Taking the line with "Pelle Orange travaille" as the first and the last line of the listing as the final one, please copy exactly those lines and no others, without pictures.

• DATA BELOW
┌──

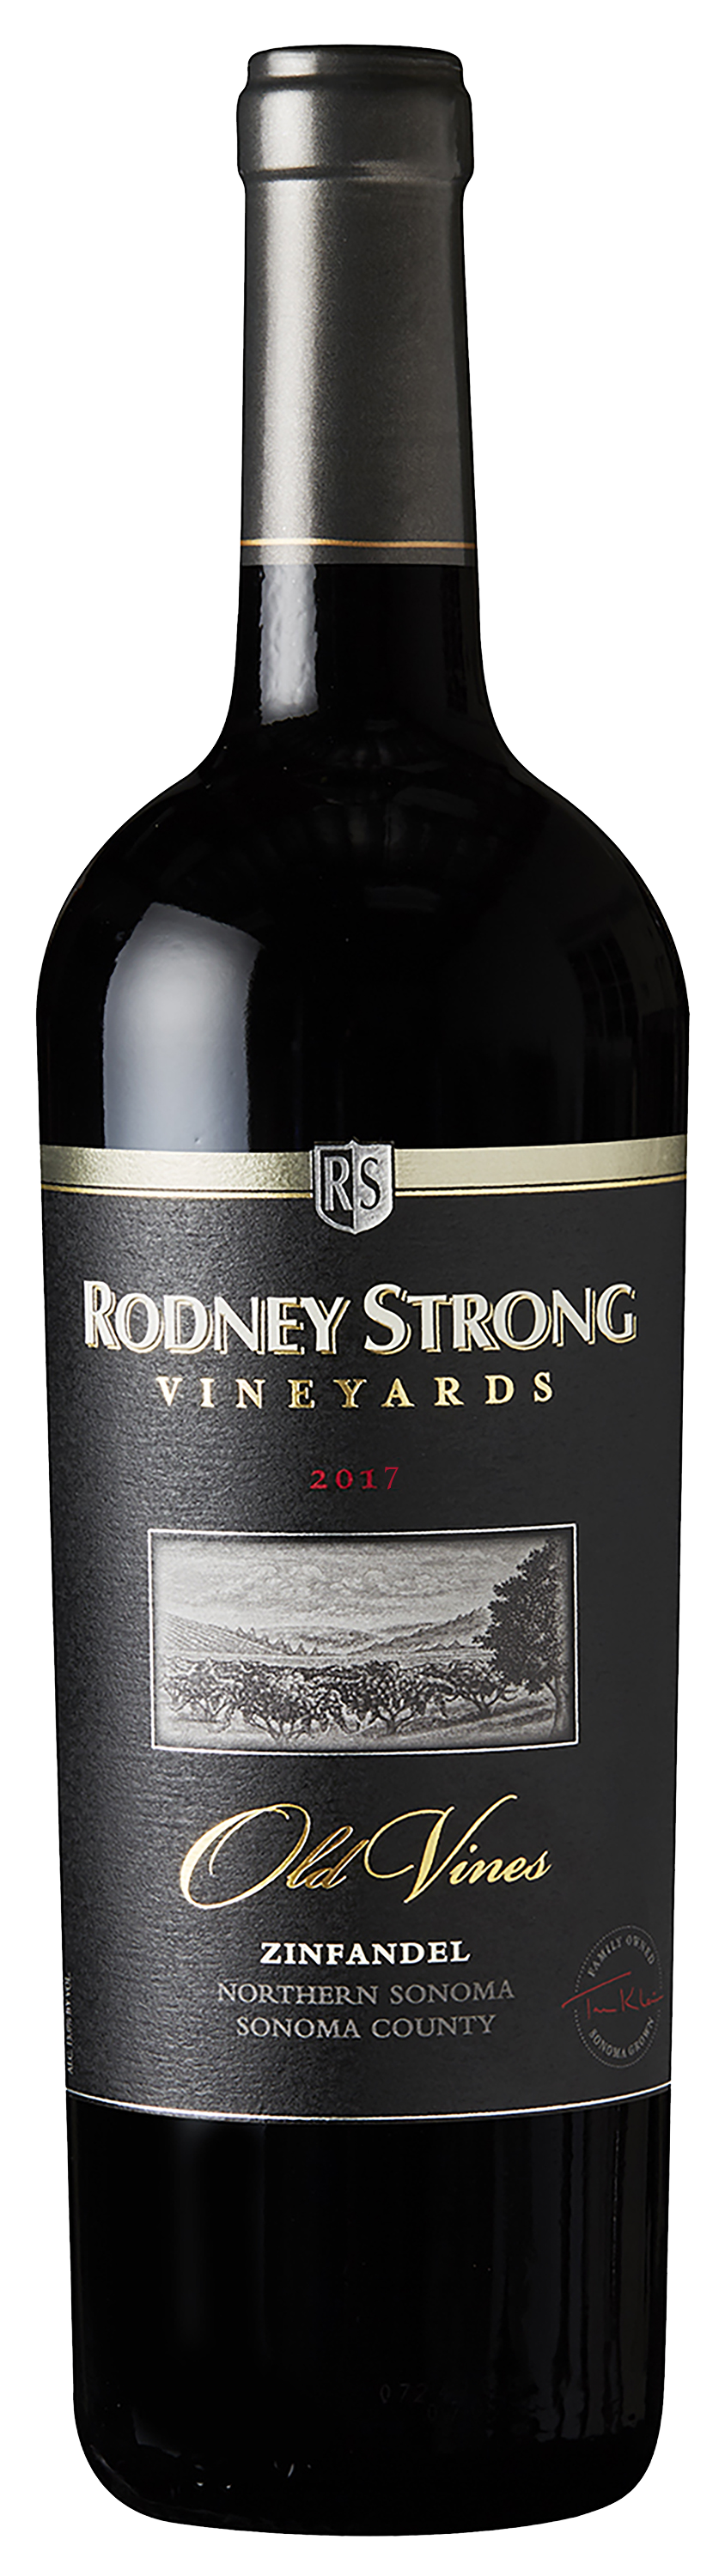 Bottle of Rodney Strong Vineyards Old Vines Zinfandel
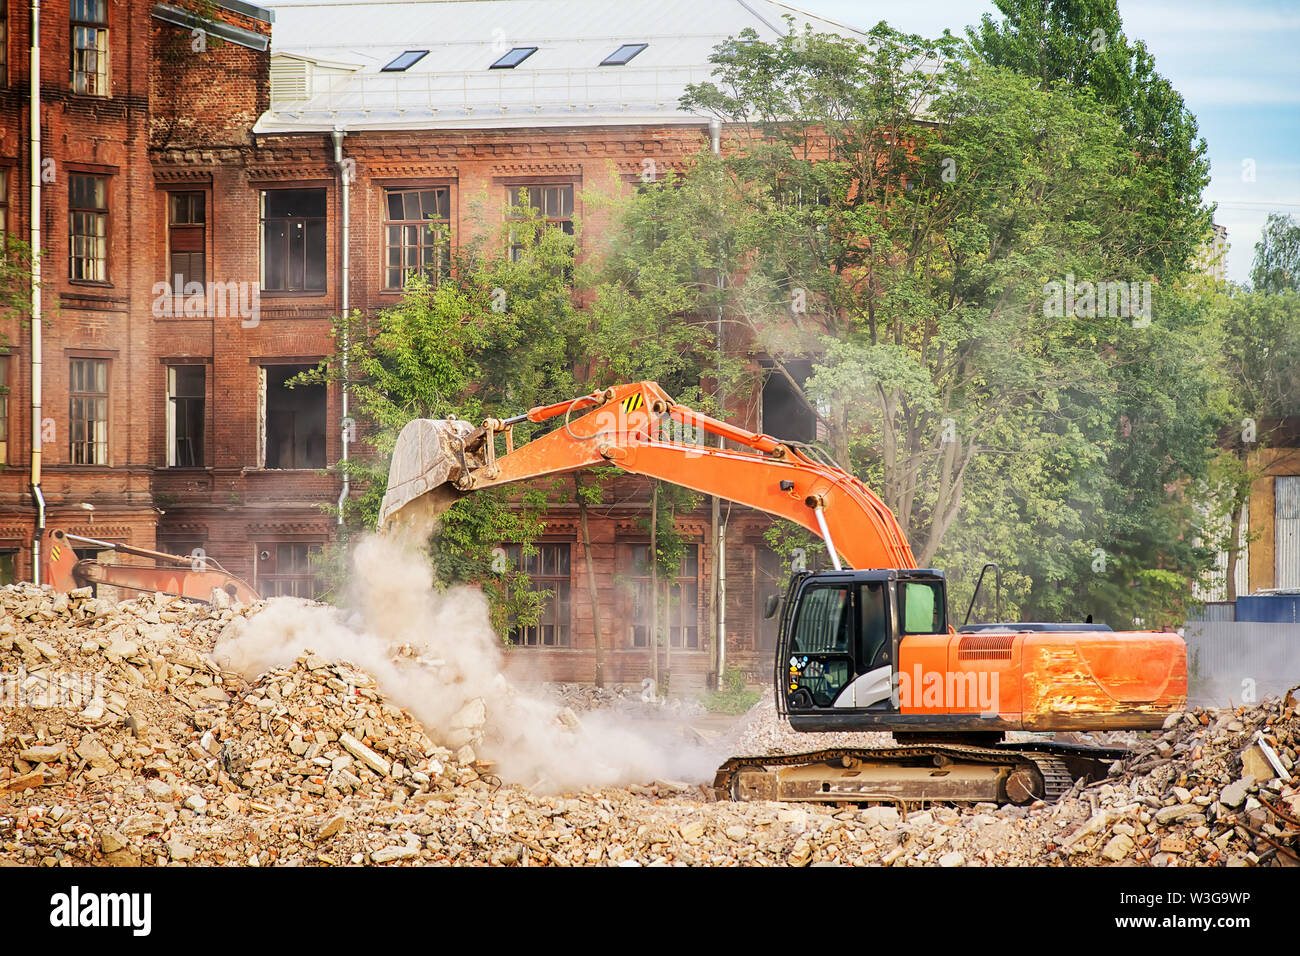 Pelle Orange travaille sur les ruines d'un bâtiment démoli. Nettoyer les gravats, démolition et de compensation site thème libre Banque D'Images
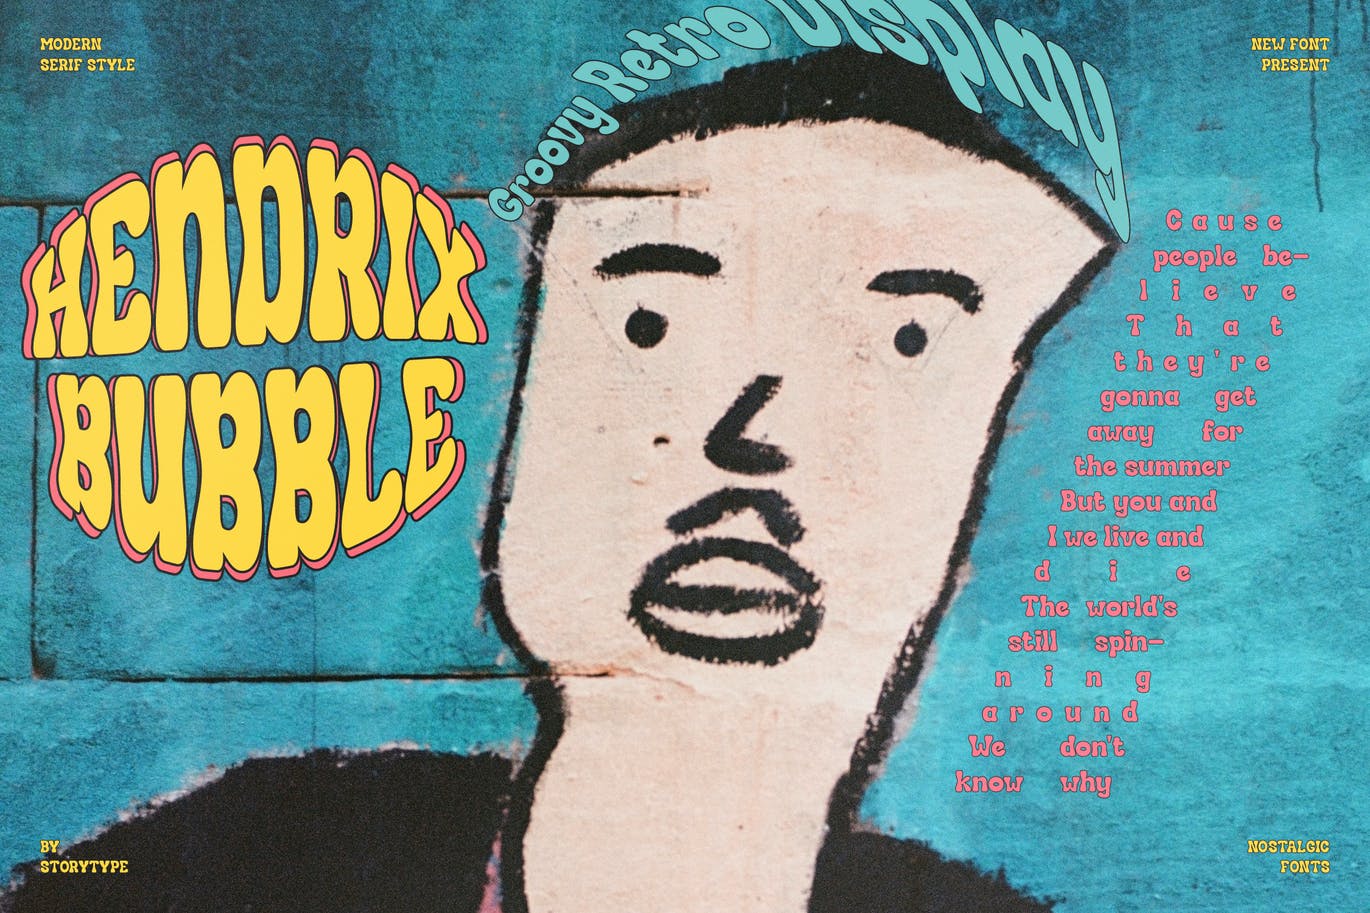 经典复古风格字体素材 Hendrix Bubble Groovy Retro Display 设计素材 第14张

└──

• REPLY TO THE TASK
 Pelle Orange travaille sur les ruines d'un bâtiment démoli. Nettoyer les gravats, démolition et de compensation site thème libre Banque D'Images
 经典复古风格字体素材 Hendrix Bubble Groovy Retro Display 设计素材 第14张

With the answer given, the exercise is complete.